Obama, Addressing Minority Journalists, Defends Travels

After trip, Obama says campaign will focus on the economy 'for the duration.'

ByABC News
July 27, 2008, 6:42 PM

CHICAGO -- Back home after a 10-day trip that took him halfway around the world, Barack Obama told a convention of minority journalists Sunday that his presidential campaign will focus on the economy "for the duration," but the presumptive Democrat nominee issued a spirited defense of his travels.

Obama said he was "puzzled" by suggestions that his trip through European and Middle Eastern capitals was presumptuous. "I basically met with the same folks John McCain met with after he won the nomination and nobody said that was audacious," Obama said. McCain traveled to Europe and the Middle East in March.

"Now I admit, we did it really well," grinned Obama, who won a near-endorsement from French President Nicolas Sarkozy in Paris and drew an audience of 200,000 in Berlin. "But that shouldn't be held against me. If I was bumbling and fumbling through this thing, I would have been criticized for that too."

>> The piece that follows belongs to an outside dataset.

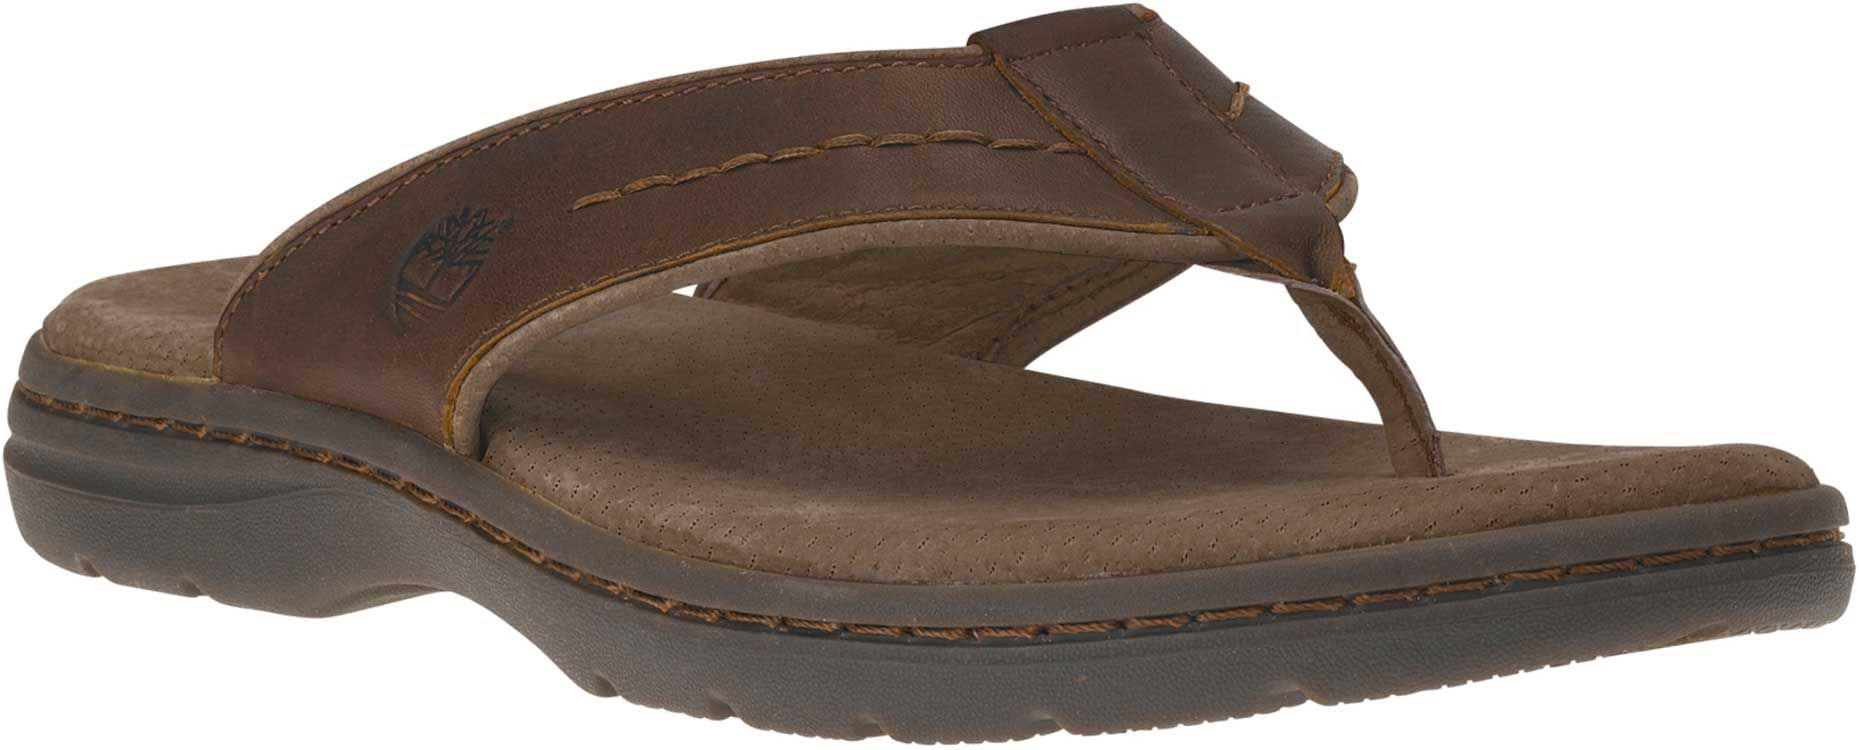 timberland earthkeepers slippers

Obama said he felt the trip was worthwhile to broaden his understanding of the international scene and build relationships with foreign leaders, though he acknowledged it might cost him temporarily in the polls at a time when voters are focused on domestic pocketbook issues such as the rising price of gasoline.

Those issues will be center stage Monday afternoon in Washington, when Obama emcees a panel of economic experts to discuss short-term and long-term solutions to the nation's economic problems. Panelists will include former Federal Reserve Chairman Paul Volcker, former Treasury Secretary Robert Rubin and billionaire investor Warren Buffett, Obama said.

In a Q-&-A with members of Unity, a convention for African-American, Asian-American, Hispanic and Native American journalists, Obama criticized his Republican opponent, John McCain, for announcing Sunday he'd back a ballot initiative in his home state to ban affirmative action after earlier opposing such an effort as divisive.

While Obama said programs designed to give a boost to minorities cannot be long-term solutions to racial discrimination, he expressed dismay at McCain's apparent change of heard. "I am disappointed that John McCain flipped," said Obama.